Wednesday, May 26, 2010

Eating through a straw

My wife thinks a good title would be "drinking my life away". There's probably a lot of good titles to be had on this one. Maybe I should hold a contest. All... what? 2 readers? 3? Chime in with a good title. The winner gets... the honor of winning?

This morning was my nutritional class in preparation for surgery. I got to find out some of the realities of life right after surgery. I knew already that I'd be on a liquid diet for a bit afterwards, but I learned more today. Not sure I want to know what I know now.

What caught my attention was what they called a grocery list - things you want to have before you do the surgery. Big on the list was chewable vitamins. Emphasis on chewable. For the first week after surgery the opening into my stomach will be approximately the diameter of a drinking straw. One good look at a typical multivitamin tells you why it's gotta be chewable -- there's no way it's fitting through otherwise. So for a good week or so, if you can't fit it through a straw, it's not going down the pipe.

Maybe that would make a good diet plan without surgery huh? If the food can't fit through a straw you can't eat it. It would be pretty effective. Of course, no one would stick with it either.

The area of my stomach that will hold food will, for that first week, hold about an ounce. Much of that (and the straw size opening) comes from the swelling that occurs after the poor guy's been manipulated around and banded. Once that goes down then I'm essentially working with about 4 ounces of stomach, so even then... that's not much food. Get out your measuring cups and look at a half cup -- and that will be as much as I can put down at a time. Believe me, I've already been staring at one of those and asking myself... what am i thinking???

Well, here's what I'm thinking. I want to be able to play basketball again someday without worrying about what all that's doing to my knees and ankles. I want to get on the floor and get up again without a major production. I want to not have to avoid booths at restaurants. I want to walk by kids without them looking at me wide eyed. I want to walk into places for a sales call or job interview or whatever without being self conscious about my size.

I did go through this thought process of, couldn't you do all the same things that would happen without going through surgery? I'm thinking that's a vague looking question -- what I mean is, the end result of the surgery is that it keeps the portions smaller, so couldn't I do that without surgery and just eat smaller portions?

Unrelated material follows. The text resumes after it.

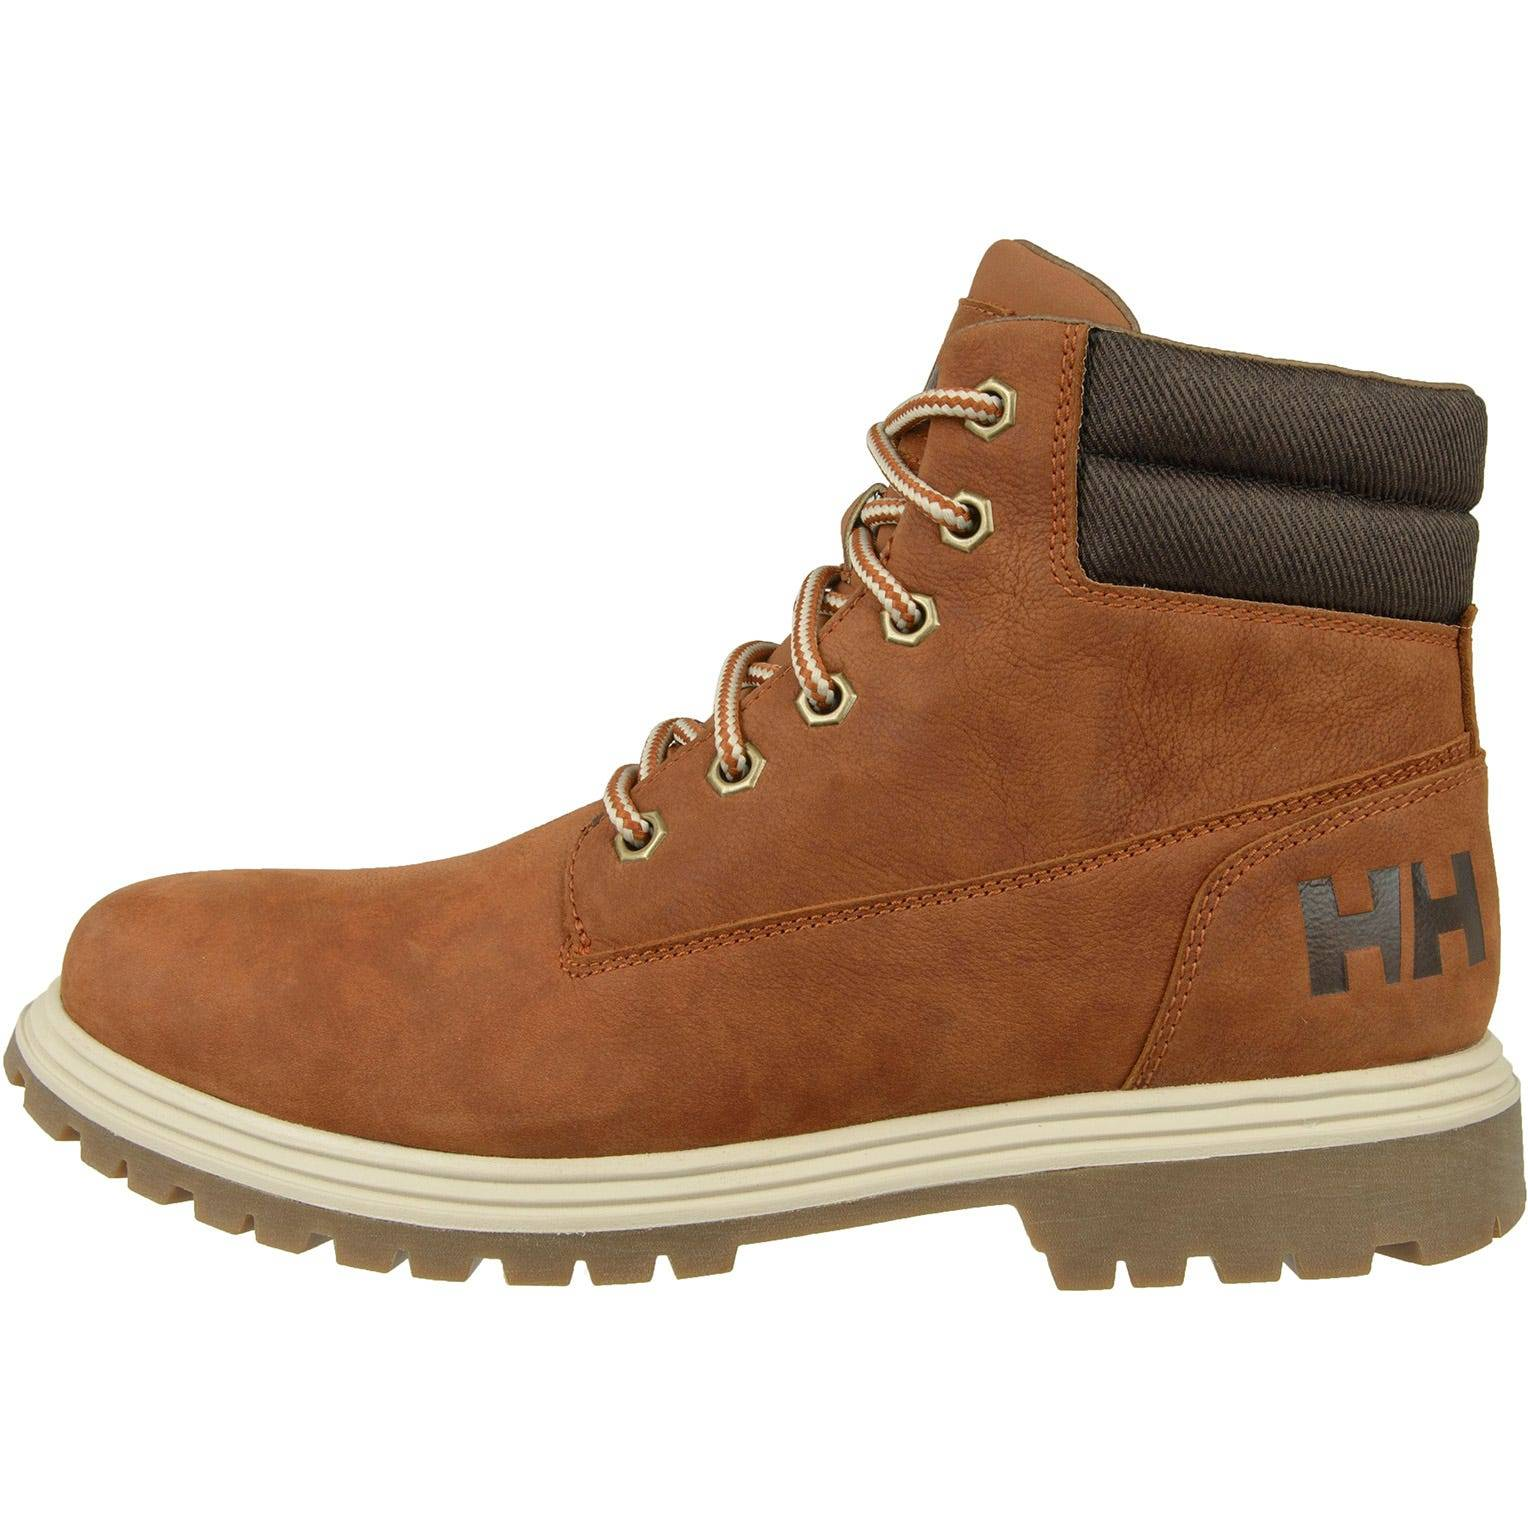 Helly Hansen Fremont Mens :casual Shoe Blue 40.5/7.5

Yes. For a few weeks maybe. Or a few months. Been there done that got the yoyo. The difference being, now (now being then as in after surgery) if I eat too much or fall off course, I'm either puking or just feeling rotten. It restores a sense of self regulation that's gone right now. There's a real sense of being full again. There's a limit to how much food you can eat overall, and if you're not making good choices on what foods those ARE that you eat, you feel it because you're not getting the nutrients you need.

Remember the whole Seize the Day thing? You only have so much time, so make the best of it. It's a similar kind of thing in that you can only fit so much food through this tiny little opening -- if you choose to eat crappy foods -- bread, sugary stuff and such -- you don't get enough protein and nutrients that you really need and you start to feel it. So now you have to start thinking in terms of what are good food choices.

I used to look at this as the easy way out. I look at this one ounce thing and the kind of life long commitment you have to make to a whole new way of life and this is by far NOT the easy way out. It's going to be hard work. It's going to be tough at times.

So I just look at all those things I said I want. Right now that's what I'm thinking. All of a suddent eating through a straw seems pretty okay.